_Your assignment_
Produce a word-for-word copy of the data that follows, excluding images.

_Raw data_
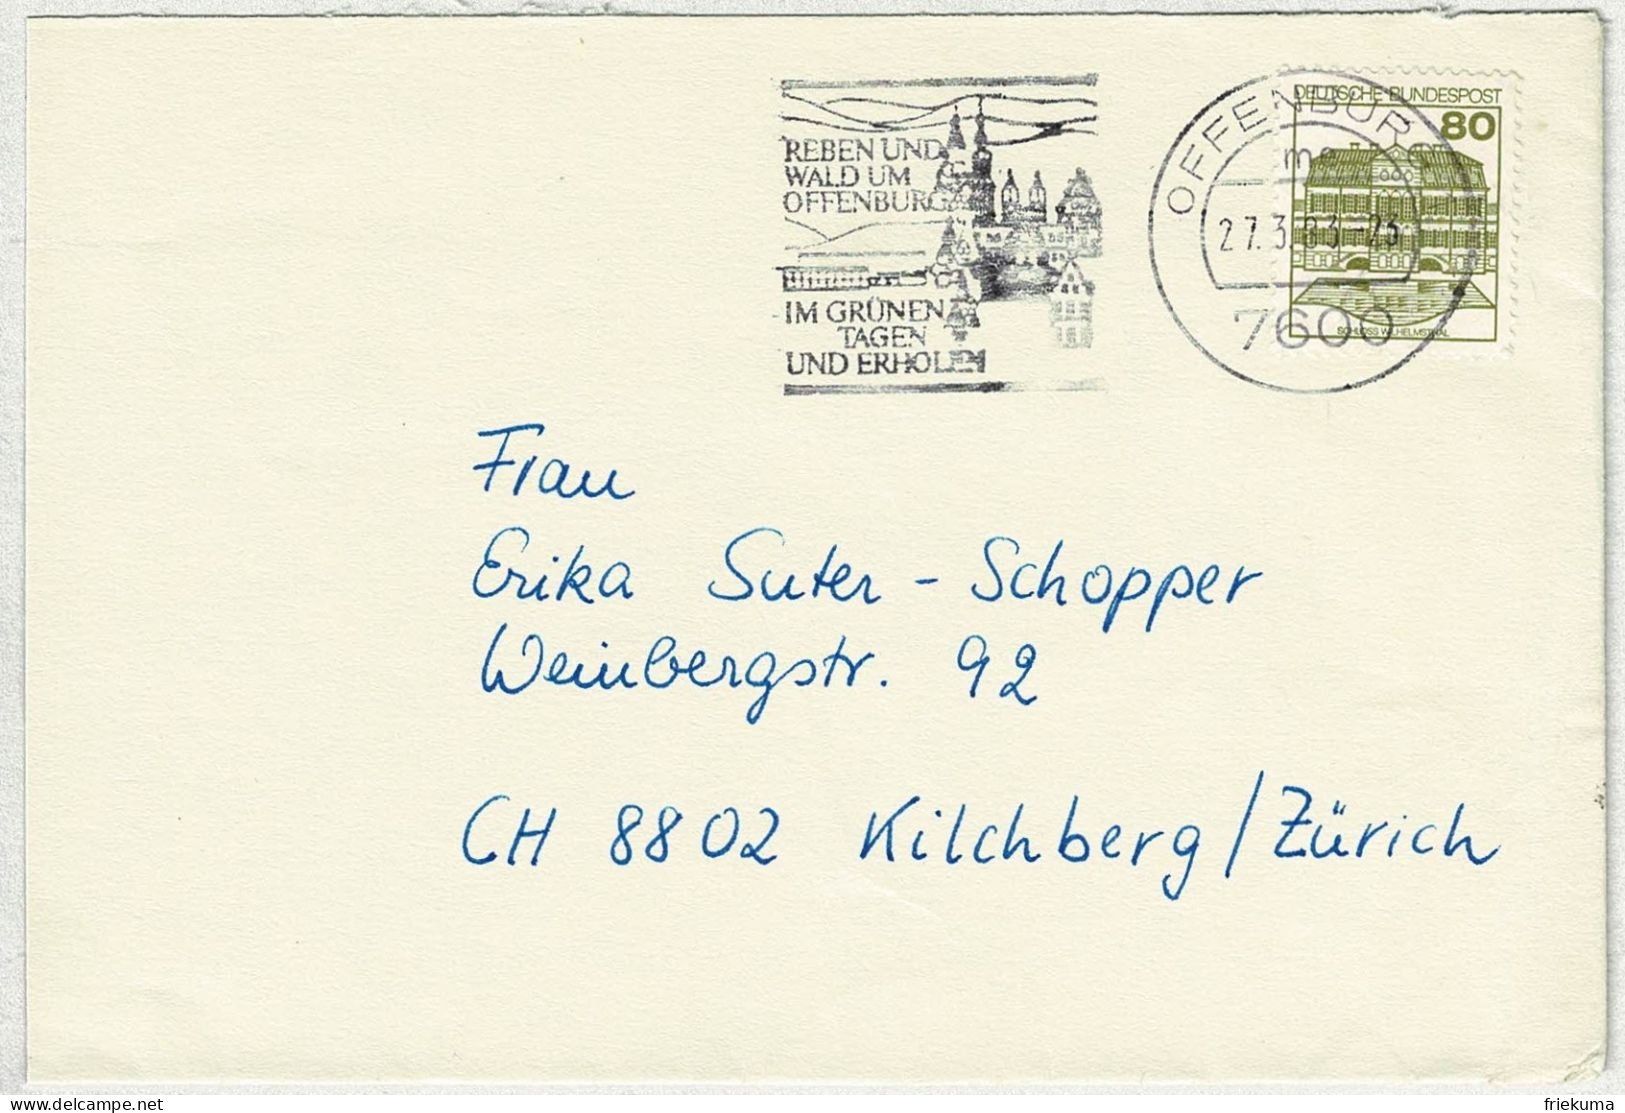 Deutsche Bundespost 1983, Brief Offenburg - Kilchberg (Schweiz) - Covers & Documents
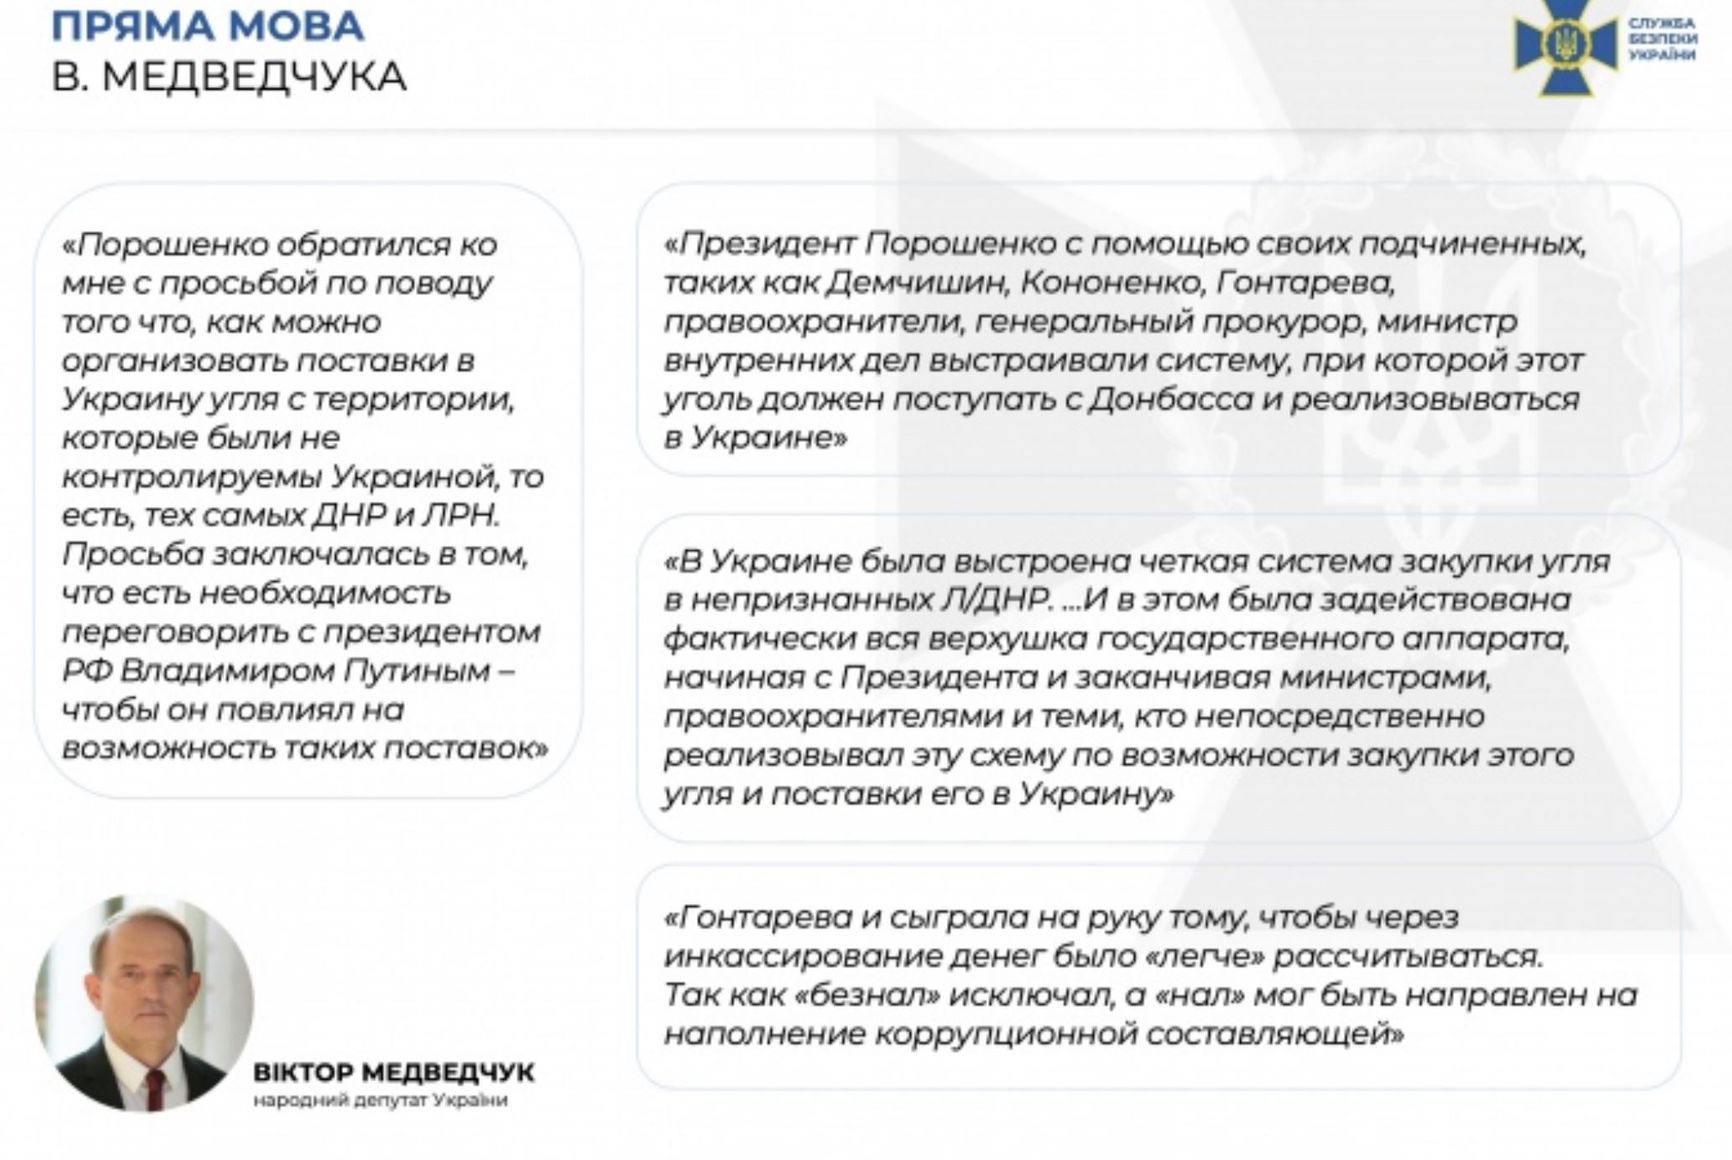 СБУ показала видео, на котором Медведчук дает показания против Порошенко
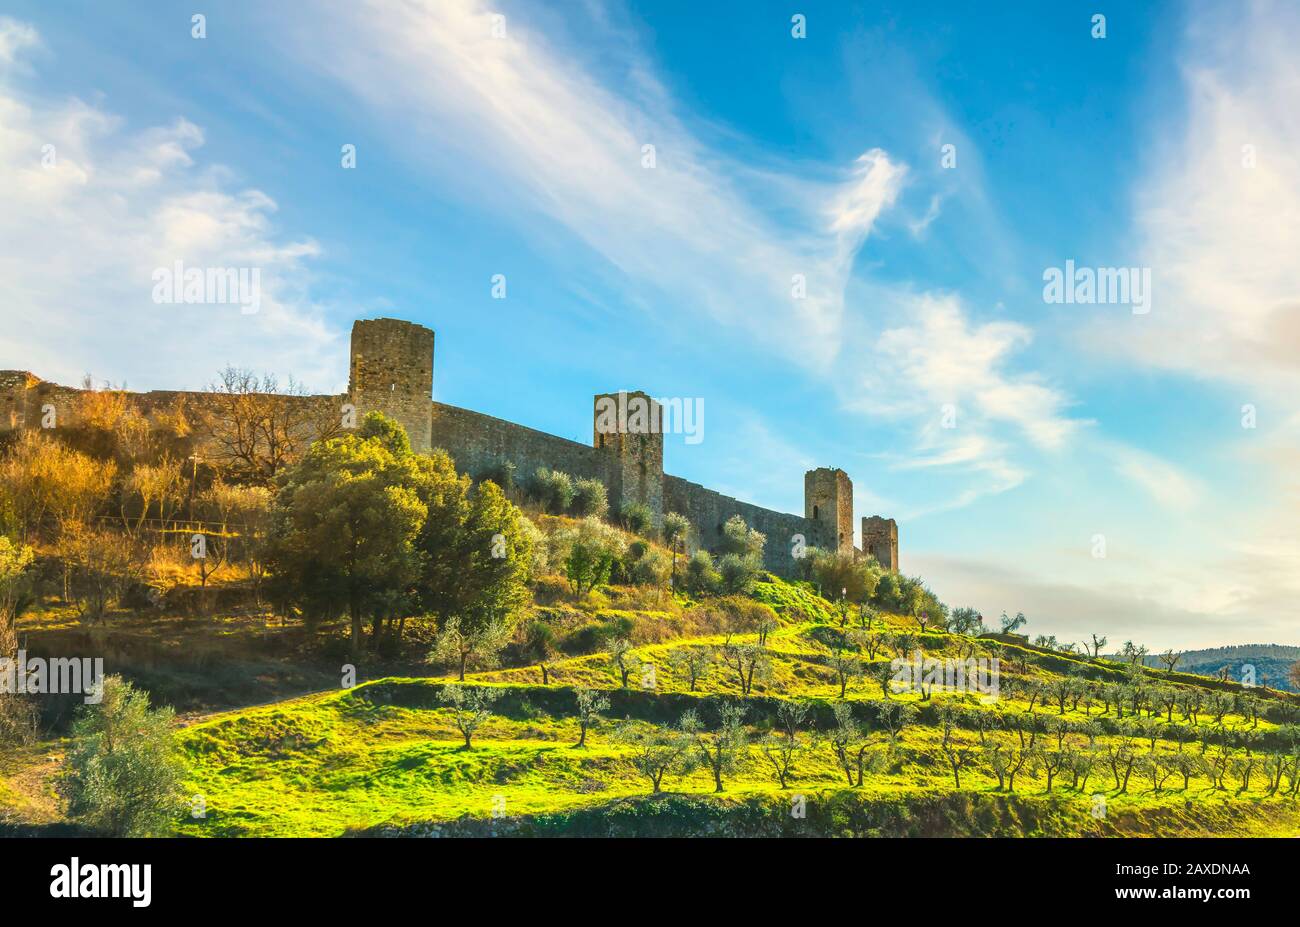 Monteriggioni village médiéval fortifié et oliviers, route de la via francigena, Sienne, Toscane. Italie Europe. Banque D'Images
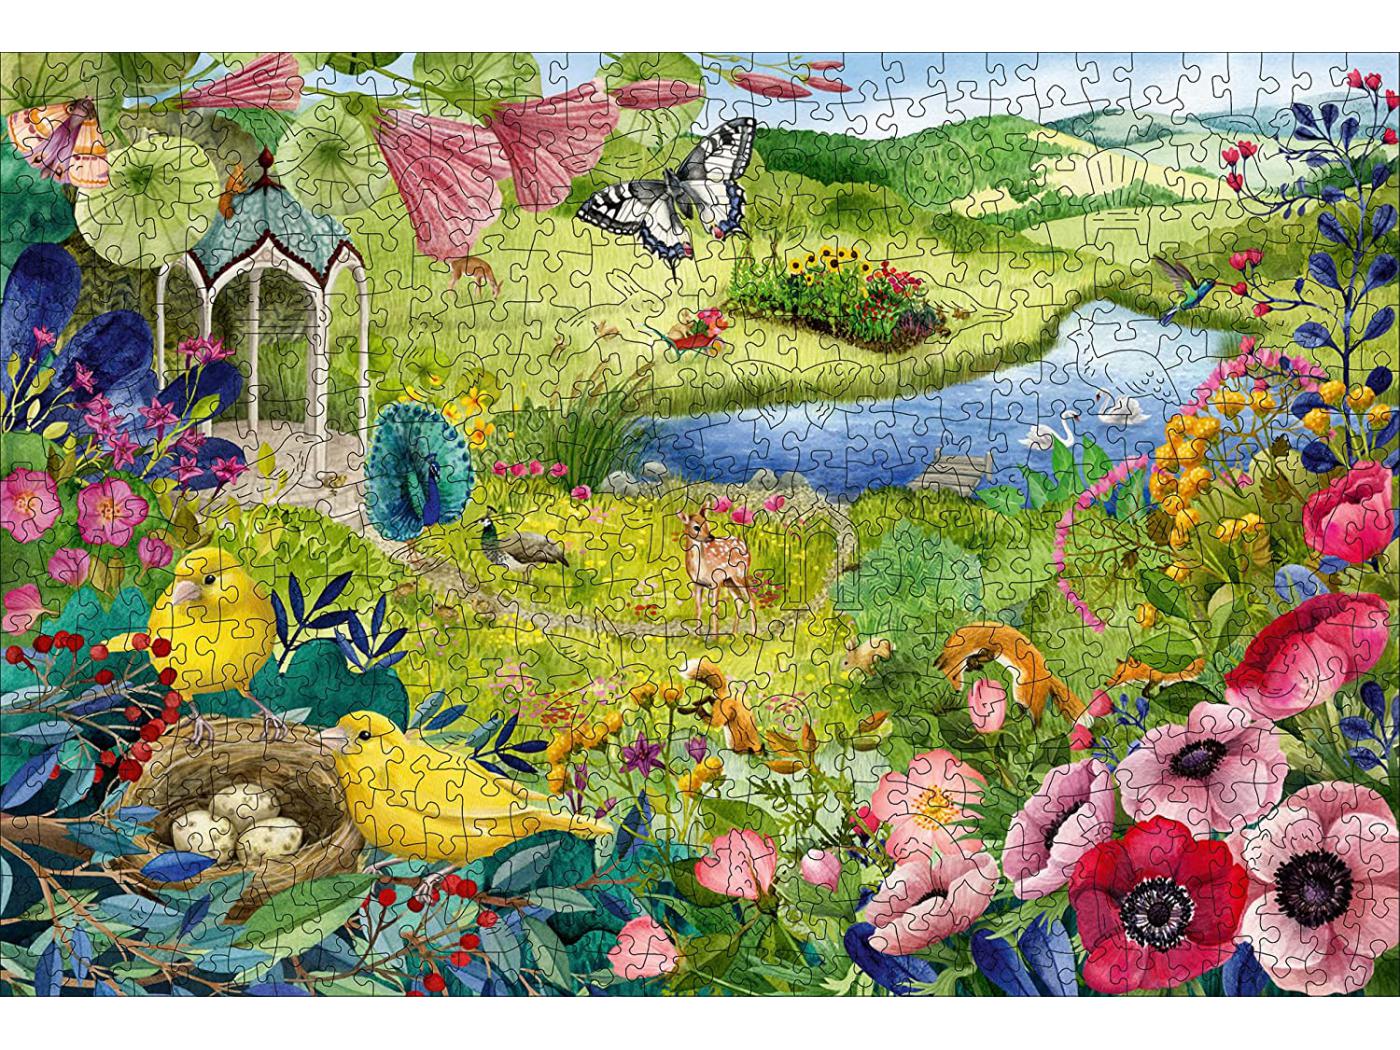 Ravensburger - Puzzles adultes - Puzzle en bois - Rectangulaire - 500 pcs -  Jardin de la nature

_Answer below_
 Deutsche Bundespost 1983, Brief Offenburg - Kilchberg (Schweiz) - Covers & Documents
 СБУ показала видео, на котором Медведчук дает показания против Порошенко
 Monteriggioni village médiéval fortifié et oliviers, route de la via francigena, Sienne, Toscane. Italie Europe. Banque D'Images
 Ravensburger - Puzzles adultes - Puzzle en bois - Rectangulaire - 500 pcs -  Jardin de la nature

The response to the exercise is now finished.